Trading Strategies Inspired by Institutional Moves

Leveraging this news, savvy traders can adopt strategies focused on dip-buying during volatility spikes. For instance, setting buy orders around established support levels like $100,000 could mirror BlackRock's approach, capitalizing on fear-driven sell-offs. Pair this with technical indicators such as moving averages— the 50-day MA recently acted as dynamic support during the crash. Additionally, monitoring trading volumes is crucial; the surge accompanying BlackRock's buy likely exceeded average daily volumes, signaling strong conviction. Cross-market correlations are also worth noting: as Bitcoin stabilizes, it often lifts related assets like Ethereum and Solana, creating arbitrage opportunities in pairs like BTC/ETH.
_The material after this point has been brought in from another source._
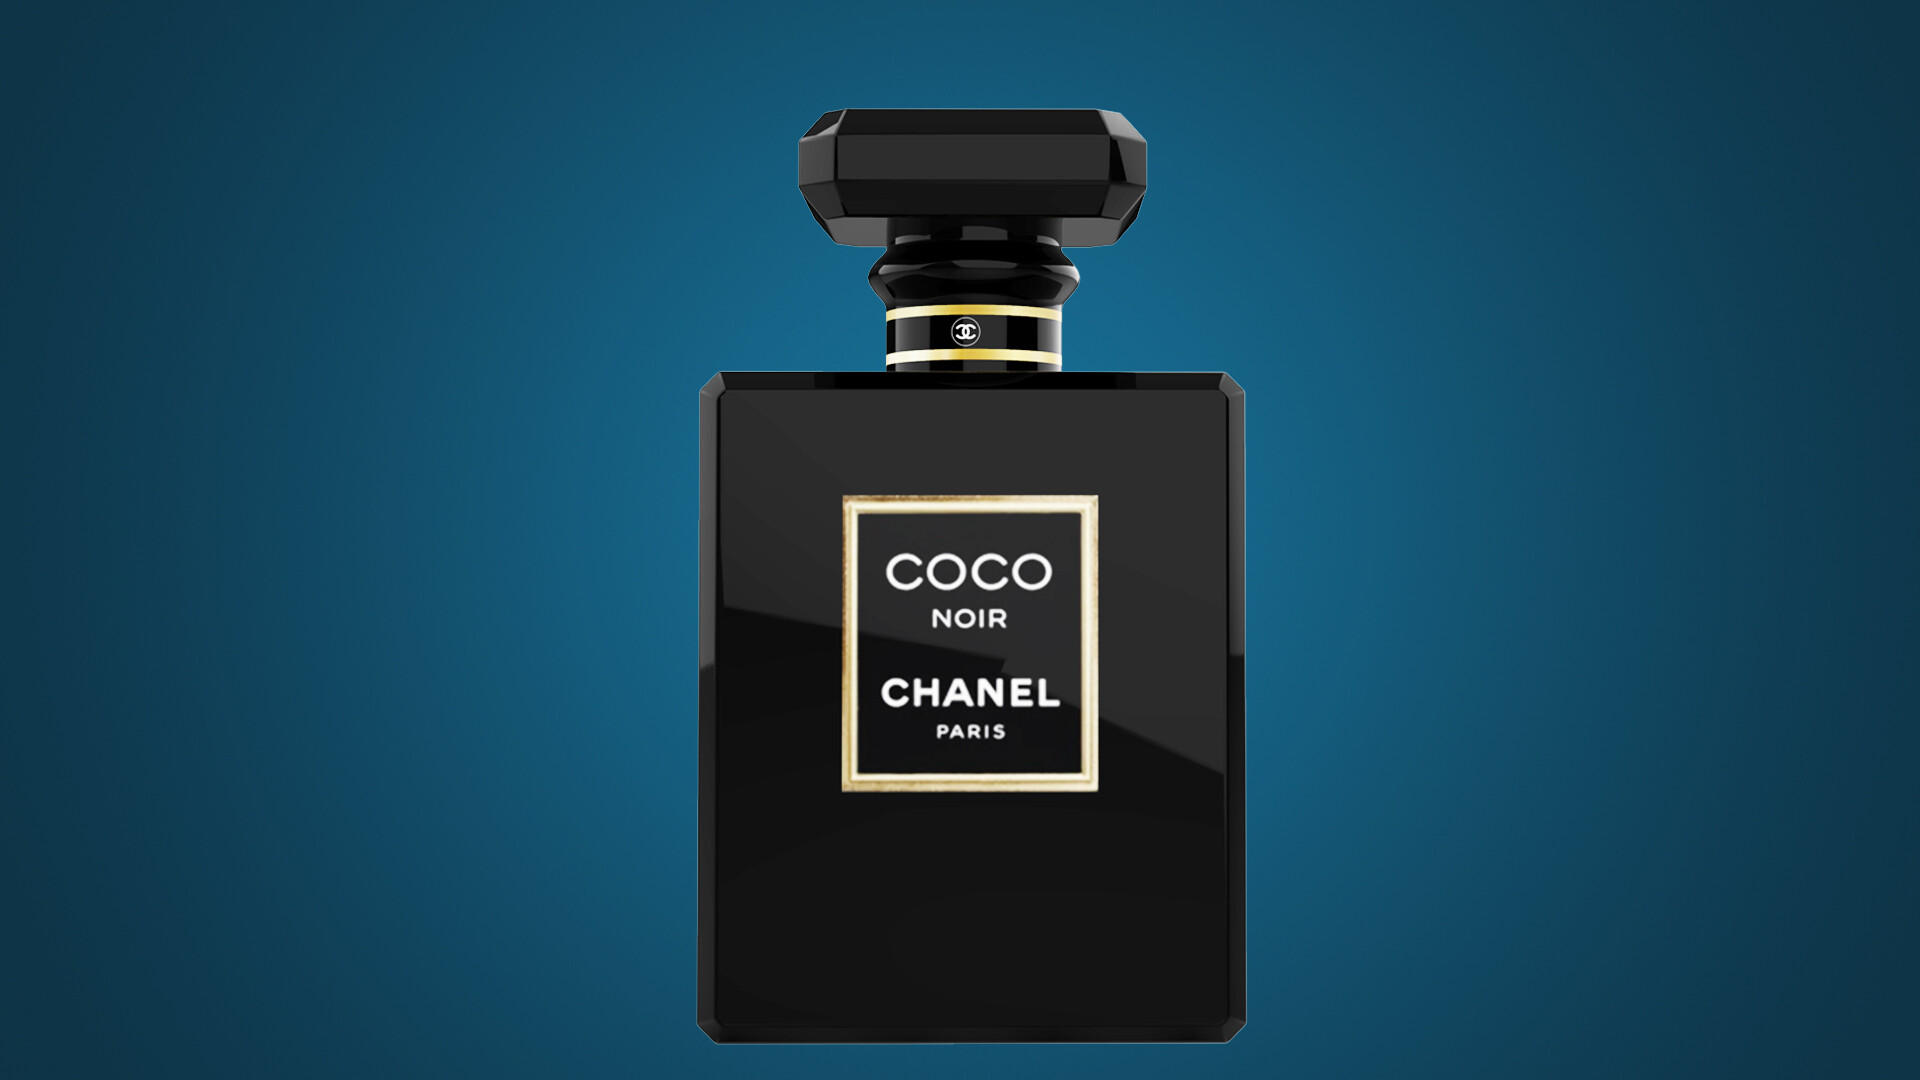 ArtStation - Coco Noir Chanel Perfume 3d model (Private Work)

Broader Implications for Crypto and Stock Markets

Analyzing this from a cross-market lens, BlackRock's BTC purchase has ripple effects on traditional stocks, particularly those in the fintech and blockchain sectors. Companies like MicroStrategy, which hold significant Bitcoin reserves, may see their stock prices buoyed by such institutional confidence. For crypto traders eyeing stock correlations, events like this highlight opportunities in mining firms or ETF-related equities during Bitcoin rallies. Institutional flows into crypto also influence broader market sentiment, potentially drawing parallels to gold as a safe-haven asset amid economic uncertainty. As of the latest data, with Bitcoin's market cap surpassing $2 trillion, these moves reinforce its status as a mature asset class, encouraging diversified portfolios that blend crypto and stocks for optimal risk-adjusted returns.

In summary, BlackRock's $5 billion BTC buy during the flash crash not only averted potential disaster but also provides actionable insights for traders. By focusing on support levels, volume spikes, and institutional signals, market participants can navigate volatility more effectively. Whether you're scalping short-term trades or holding long positions, staying attuned to such developments is key to capitalizing on Bitcoin's evolving landscape.